▶ [WORK TO COMPLETE]: Your task is to find every line of the listing that includes "Stock" and copy it.

··· RECORDS PROVIDED ···

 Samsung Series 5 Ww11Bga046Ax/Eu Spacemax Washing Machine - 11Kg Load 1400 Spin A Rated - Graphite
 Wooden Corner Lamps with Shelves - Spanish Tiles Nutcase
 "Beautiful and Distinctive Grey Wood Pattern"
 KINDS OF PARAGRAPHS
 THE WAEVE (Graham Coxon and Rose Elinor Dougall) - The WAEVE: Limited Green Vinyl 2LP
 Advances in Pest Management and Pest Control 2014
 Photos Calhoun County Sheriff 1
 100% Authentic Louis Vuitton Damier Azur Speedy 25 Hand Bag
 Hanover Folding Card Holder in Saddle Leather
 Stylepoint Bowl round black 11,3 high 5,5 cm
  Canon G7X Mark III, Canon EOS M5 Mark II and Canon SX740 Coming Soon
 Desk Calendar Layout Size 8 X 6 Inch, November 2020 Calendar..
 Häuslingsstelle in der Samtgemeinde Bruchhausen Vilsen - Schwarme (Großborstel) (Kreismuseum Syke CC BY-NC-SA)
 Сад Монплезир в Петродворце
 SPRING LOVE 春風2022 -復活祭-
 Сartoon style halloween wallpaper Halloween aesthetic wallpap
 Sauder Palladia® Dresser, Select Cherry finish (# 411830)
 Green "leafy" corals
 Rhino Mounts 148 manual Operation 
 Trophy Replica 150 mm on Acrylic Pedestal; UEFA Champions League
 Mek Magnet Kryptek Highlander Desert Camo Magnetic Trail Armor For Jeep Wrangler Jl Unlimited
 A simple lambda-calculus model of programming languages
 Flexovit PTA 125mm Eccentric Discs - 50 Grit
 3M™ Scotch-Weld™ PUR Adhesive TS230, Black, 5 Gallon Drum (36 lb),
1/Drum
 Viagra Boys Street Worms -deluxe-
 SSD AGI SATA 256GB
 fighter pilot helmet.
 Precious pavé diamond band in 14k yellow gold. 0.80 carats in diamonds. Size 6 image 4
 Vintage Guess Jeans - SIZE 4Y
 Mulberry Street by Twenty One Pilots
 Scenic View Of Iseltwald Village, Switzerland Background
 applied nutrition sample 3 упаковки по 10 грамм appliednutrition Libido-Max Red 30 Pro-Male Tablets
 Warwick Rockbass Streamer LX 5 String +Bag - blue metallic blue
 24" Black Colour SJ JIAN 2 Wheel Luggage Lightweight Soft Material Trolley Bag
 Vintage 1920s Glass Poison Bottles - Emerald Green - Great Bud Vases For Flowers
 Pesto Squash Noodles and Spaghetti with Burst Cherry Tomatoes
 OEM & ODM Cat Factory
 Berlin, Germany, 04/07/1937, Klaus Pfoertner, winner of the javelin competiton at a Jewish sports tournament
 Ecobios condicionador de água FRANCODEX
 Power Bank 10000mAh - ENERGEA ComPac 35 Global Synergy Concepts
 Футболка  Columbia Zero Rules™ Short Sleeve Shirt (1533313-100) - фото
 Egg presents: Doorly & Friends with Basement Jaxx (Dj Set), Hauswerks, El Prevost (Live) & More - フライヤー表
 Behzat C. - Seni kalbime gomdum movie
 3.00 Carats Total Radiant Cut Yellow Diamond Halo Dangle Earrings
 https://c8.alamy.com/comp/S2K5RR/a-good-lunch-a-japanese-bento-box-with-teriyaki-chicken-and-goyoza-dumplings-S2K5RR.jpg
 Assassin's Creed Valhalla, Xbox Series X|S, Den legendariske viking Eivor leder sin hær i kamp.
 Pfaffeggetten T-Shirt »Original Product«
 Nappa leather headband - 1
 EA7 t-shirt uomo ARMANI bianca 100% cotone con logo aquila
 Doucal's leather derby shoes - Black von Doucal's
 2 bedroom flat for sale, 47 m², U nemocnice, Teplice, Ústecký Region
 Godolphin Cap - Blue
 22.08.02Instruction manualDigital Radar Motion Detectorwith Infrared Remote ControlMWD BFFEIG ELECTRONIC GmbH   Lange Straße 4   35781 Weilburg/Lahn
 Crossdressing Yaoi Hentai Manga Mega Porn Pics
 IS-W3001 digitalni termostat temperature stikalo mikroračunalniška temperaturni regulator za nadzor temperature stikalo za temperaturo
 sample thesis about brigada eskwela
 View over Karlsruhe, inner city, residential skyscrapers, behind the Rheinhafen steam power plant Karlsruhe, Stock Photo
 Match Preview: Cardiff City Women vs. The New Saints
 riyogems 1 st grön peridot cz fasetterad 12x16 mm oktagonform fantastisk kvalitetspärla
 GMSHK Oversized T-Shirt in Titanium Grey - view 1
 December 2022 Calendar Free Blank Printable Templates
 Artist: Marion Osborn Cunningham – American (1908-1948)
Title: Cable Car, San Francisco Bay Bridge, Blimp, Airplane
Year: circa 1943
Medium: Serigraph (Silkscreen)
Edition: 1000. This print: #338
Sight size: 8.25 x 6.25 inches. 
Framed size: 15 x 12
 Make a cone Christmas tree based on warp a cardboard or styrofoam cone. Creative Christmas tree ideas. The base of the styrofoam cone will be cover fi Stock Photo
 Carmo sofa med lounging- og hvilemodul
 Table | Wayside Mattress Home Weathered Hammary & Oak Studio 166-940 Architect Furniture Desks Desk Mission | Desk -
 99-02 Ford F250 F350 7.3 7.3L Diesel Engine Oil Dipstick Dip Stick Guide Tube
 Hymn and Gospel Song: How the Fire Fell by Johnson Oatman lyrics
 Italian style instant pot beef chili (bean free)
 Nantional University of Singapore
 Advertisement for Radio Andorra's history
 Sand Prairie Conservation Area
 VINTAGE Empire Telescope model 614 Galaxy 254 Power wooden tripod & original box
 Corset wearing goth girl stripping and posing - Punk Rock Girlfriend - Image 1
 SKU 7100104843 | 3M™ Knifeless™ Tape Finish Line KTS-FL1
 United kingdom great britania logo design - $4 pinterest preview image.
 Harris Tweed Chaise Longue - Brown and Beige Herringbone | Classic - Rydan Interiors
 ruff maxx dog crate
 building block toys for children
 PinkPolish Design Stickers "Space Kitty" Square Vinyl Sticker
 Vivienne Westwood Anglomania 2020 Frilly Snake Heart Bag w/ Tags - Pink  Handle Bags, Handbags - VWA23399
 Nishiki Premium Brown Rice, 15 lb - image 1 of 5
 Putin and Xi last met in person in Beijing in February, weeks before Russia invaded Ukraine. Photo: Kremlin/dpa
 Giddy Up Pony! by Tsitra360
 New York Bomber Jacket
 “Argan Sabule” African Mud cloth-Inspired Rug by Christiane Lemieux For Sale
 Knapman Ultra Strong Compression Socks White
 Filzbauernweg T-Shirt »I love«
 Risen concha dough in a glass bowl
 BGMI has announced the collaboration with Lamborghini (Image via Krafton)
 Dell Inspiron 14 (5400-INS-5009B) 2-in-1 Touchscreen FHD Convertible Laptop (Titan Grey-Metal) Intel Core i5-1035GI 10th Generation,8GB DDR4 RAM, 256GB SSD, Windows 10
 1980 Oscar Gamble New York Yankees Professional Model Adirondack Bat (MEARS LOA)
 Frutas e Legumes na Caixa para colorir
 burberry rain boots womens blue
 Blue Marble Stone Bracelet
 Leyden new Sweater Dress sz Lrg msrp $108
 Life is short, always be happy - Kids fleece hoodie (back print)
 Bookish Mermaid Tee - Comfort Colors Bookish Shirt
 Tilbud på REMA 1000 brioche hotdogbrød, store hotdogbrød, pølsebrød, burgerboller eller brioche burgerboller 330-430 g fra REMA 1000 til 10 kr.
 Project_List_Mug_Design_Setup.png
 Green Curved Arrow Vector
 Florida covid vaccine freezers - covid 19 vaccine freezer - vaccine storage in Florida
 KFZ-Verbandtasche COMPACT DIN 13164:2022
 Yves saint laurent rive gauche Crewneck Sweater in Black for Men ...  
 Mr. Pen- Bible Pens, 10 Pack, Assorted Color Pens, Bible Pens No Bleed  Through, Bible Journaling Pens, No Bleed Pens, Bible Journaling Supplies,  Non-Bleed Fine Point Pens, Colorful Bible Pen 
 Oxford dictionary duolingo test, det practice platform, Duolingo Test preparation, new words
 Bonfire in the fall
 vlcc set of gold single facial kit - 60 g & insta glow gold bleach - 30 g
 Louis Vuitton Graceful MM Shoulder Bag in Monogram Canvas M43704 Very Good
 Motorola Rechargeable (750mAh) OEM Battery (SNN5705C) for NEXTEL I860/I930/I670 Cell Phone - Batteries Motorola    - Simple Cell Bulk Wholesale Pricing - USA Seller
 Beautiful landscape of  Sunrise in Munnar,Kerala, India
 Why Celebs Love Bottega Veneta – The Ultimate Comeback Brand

···

▶ [RESPONSE TO THIS TASK]:
 View over Karlsruhe, inner city, residential skyscrapers, behind the Rheinhafen steam power plant Karlsruhe, Stock Photo
 Make a cone Christmas tree based on warp a cardboard or styrofoam cone. Creative Christmas tree ideas. The base of the styrofoam cone will be cover fi Stock Photo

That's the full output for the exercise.